One of my resolutions this year was to write everything. I think I meant blogging, or storytelling, at the very least. After all, if I'm going to make the effort to help the tree fall in the forest, someone should hear it, preferably as many someones as possible.
This, I know, is selfish and not really the point of a writing resolution. If I wanted to be heard, I should have resolved to achieve internet fame and fortune, right? It sounds like that's really what I was after.
Energized, I spent all day weaving a story from an experience I had on the train this morning, tying back to a discussion Sir and I had this weekend in regards something I've been thinking about for a while. It was a lovely idea. I noodled it around while in meetings, jotted down items in various notebooks and (sorry Rachel) strung together pithy phrases in my head during spin class. I fully intended to create something this evening, post-gym. Something writerly and awe-inspiring. Something worth reading.

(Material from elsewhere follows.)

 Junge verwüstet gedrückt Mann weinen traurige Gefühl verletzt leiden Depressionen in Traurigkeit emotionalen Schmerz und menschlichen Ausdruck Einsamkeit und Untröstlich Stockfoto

Before I could sit down in front of my computer, I got into it with a gym friend who was frustrated with her job. I left her in the locker room, but I just couldn't let it go - for whatever reason, I felt really connected to her plight. So instead of pouring out prose as intended, I wrote her an email.
It was a terrific email. It really was. I analyzed, I sympathized, I energized. I broke her situation down into numbers and percentages, various audiences and potential outcomes of her energy expenditures. I had an introduction and a fully-developed body before drawing everything up into a beautiful conclusion. I was witty. I was touching. I told a story. I was on fire.
It was probably the best thing I've written in a long while.
Sir came home just as I hit send and asked what I was writing. I heard myself tell him that I had intended to write something tonight, but instead had put my energy into an email and was disappointed to not have anything to show for it. His reaction was something like this --
"Yo dawg, I heard you like writing..."
Ah, me. I wanted to write? I had written, and written well. I wanted to have something to show for it? I had made my friend happy. The tree had fallen, and a really important person had been around to hear it. I had done the thing, only I was too wrapped up in labels and audience-longing to call it.
Sometimes I'm such a dunce. Maybe resolutions are not end points, but lenses through which we see ourselves a little bit clearer along the journey, if only for a few weeks (until, of course, we forget about them and go back to a lifestyle of sloth).
Maybe I'll write the other thing tomorrow. The end.